Raise the banner: O'Dwyer's tough task in Clare


Mick O’Dwyer always assured us he’d be involved in the game in some form or another, and now, at the age of 76, comes his latest incarnation as an intercounty football manager.

But for a man with already incomparable credentials, the task involved with Clare football presents a uniquely different and difficult challenge – or at least one that will require some repairing of a fractured football scene at senior level.

But according to former Clare manager John Kennedy, who now manages county champions Kilmurry-Ibrickane, and also played under O’Dwyer in the 1980s, the first task facing O’Dwyer is to get all the best players in the county on board.

“From my own time in Clare, what I found was maybe some of the better players didn’t make themselves available, for one reason or another,” says Kennedy.

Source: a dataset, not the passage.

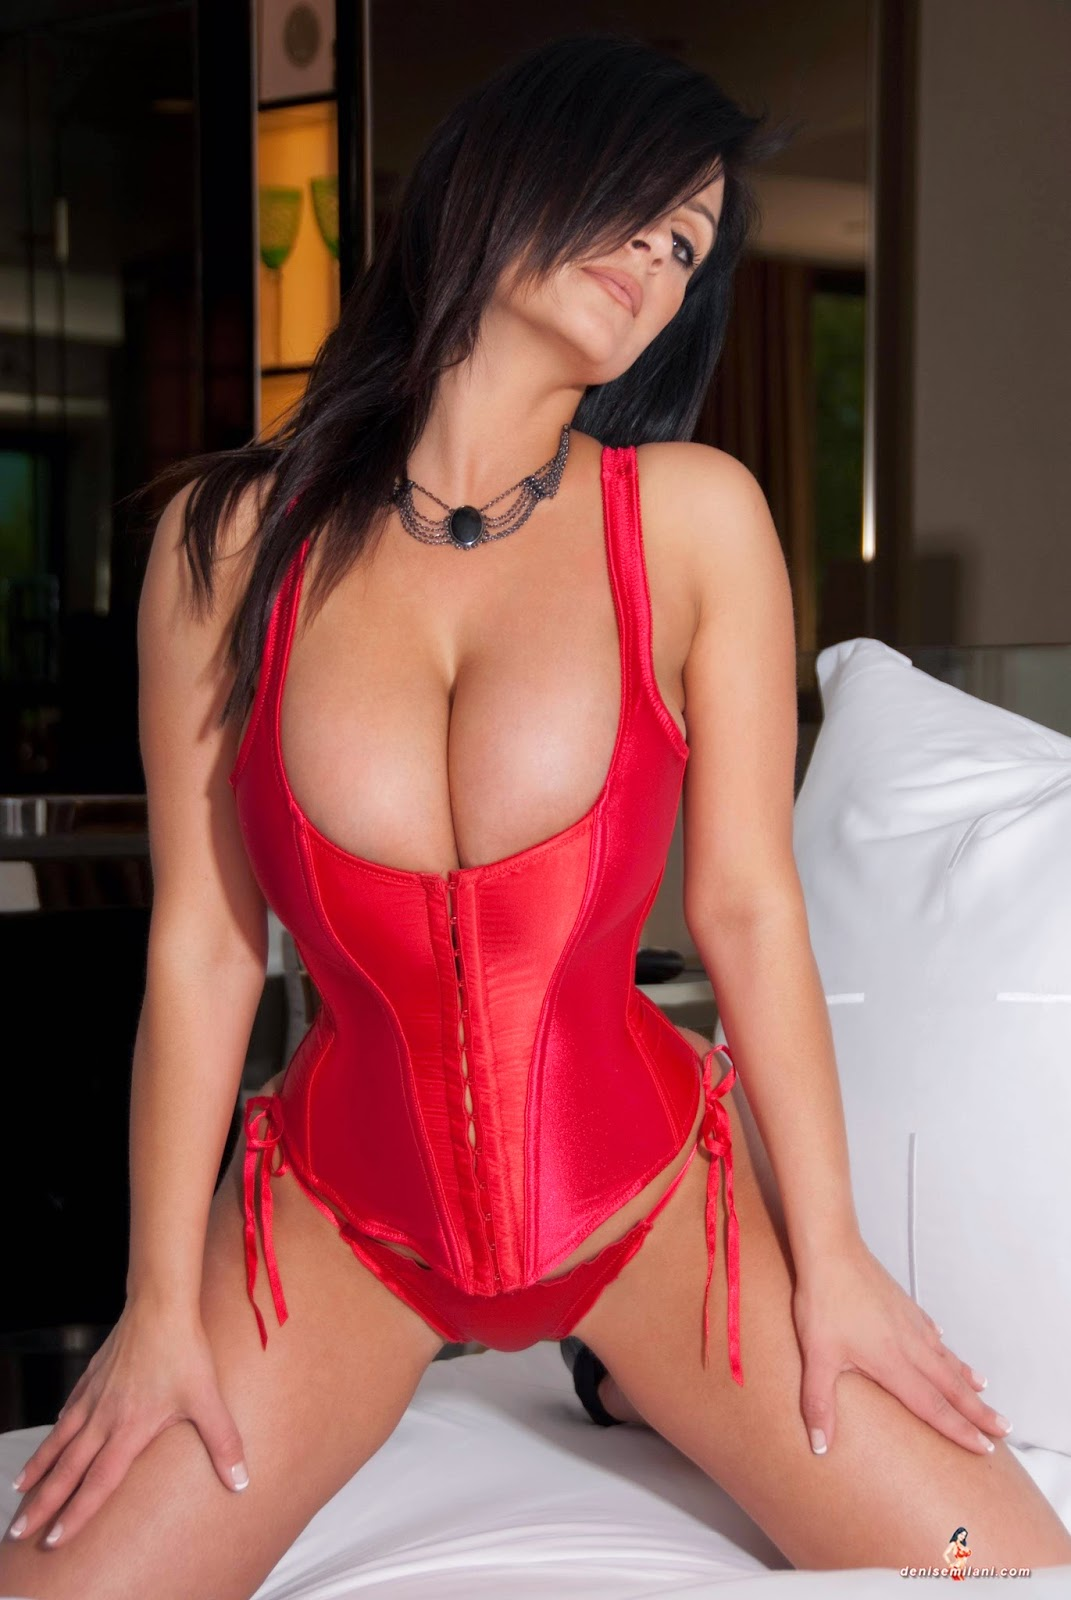 hot red corset denise milani color sexy charlotte springer set archives lingerie blue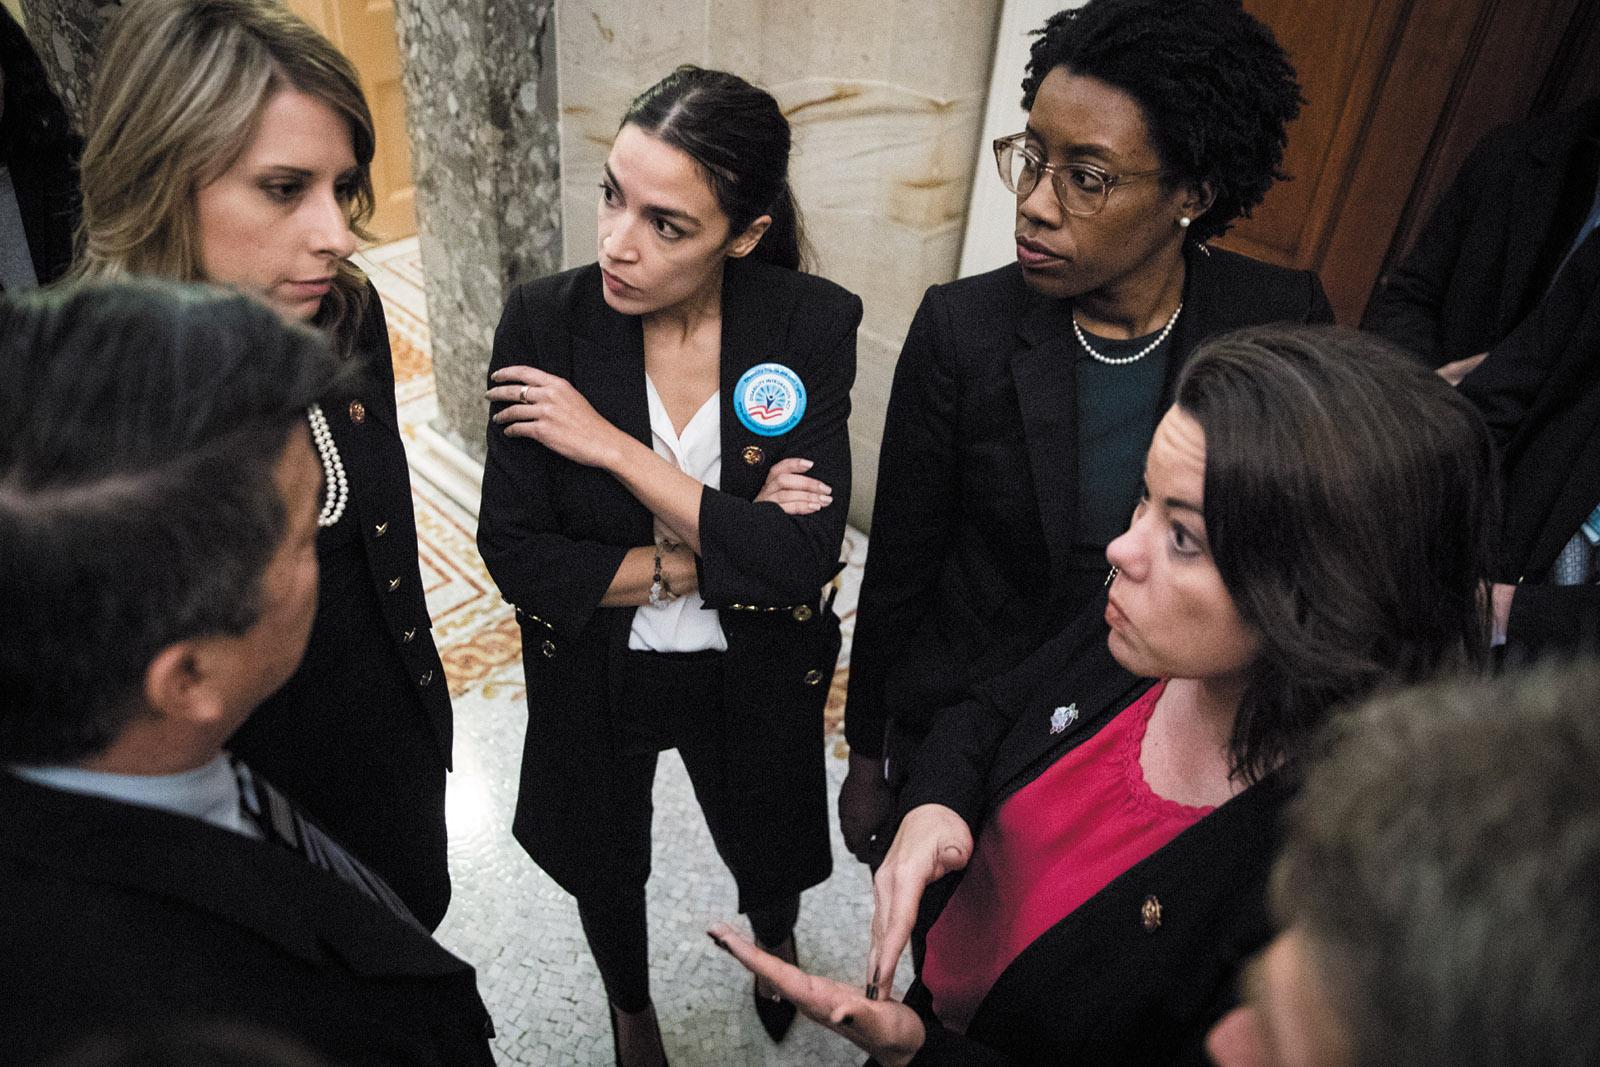 Democratic representatives Katie Hill, Alexandria Ocasio-Cortez, Lauren Underwood, and Angie Craig, Capitol Hill, January 2019

“And in a county like Clare of course you need all your best players available to you. There’s talent in every county, we all know that, and if you can harness that, drive it on, you will always improve.

“Certainly someone like Mick O’Dwyer coming in, with the track record he has, is bound to bring a new enthusiasm, and I think will rekindle some of the interest that maybe has been lost in some areas.

“Because in my opinion the Clare county team does not reflect the standard of football in the county, the standard of club football. Because it is every competitive. There are seven or eight teams there with never more than a kick of a ball between them. And we’ve seen that ourselves in Kilmurry, both last year and this year.

“It’s not doom or gloom in Clare football by any means, there’s a lot of talent there. But you do need them all playing for the county at the same time.”

Kennedy points to the fact that despite being county champions, now back-to-back, Kilmurry-Ibrickane only had minimal representation on the county team this year: “Marty McMahon and Enda Coughlan were there, and Peter O’Dwyer was on and off during the year, as their goalkeeper. They were the only three involved with the panel all year, but then you had seven or eight involved with the Clare intermediate team. ”

O’Dwyer is on a one-year term, initially, with his backroom team to consist of former Clare forward Ger Keane from Kilkee and Michael Nylon from St Joseph’s, Miltown, with physical trainer Michael Cahill being retained from the previous management team.

Whatever about his sixth coming as an intercounty manager, O’Dwyer is also unique in that he’s been the subject of two biographies – in Manager of the Millennium, published in 2000, and then Blessed and Obsessed, published in 2007.

Towards the end of Manager of the Millennium, O’Dwyer recalled the end of his tenure as Kerry manager, saying he “realised how foolish I was to have stayed on so long”. That was 1989, and only he can truly know what keeps bringing him back for more.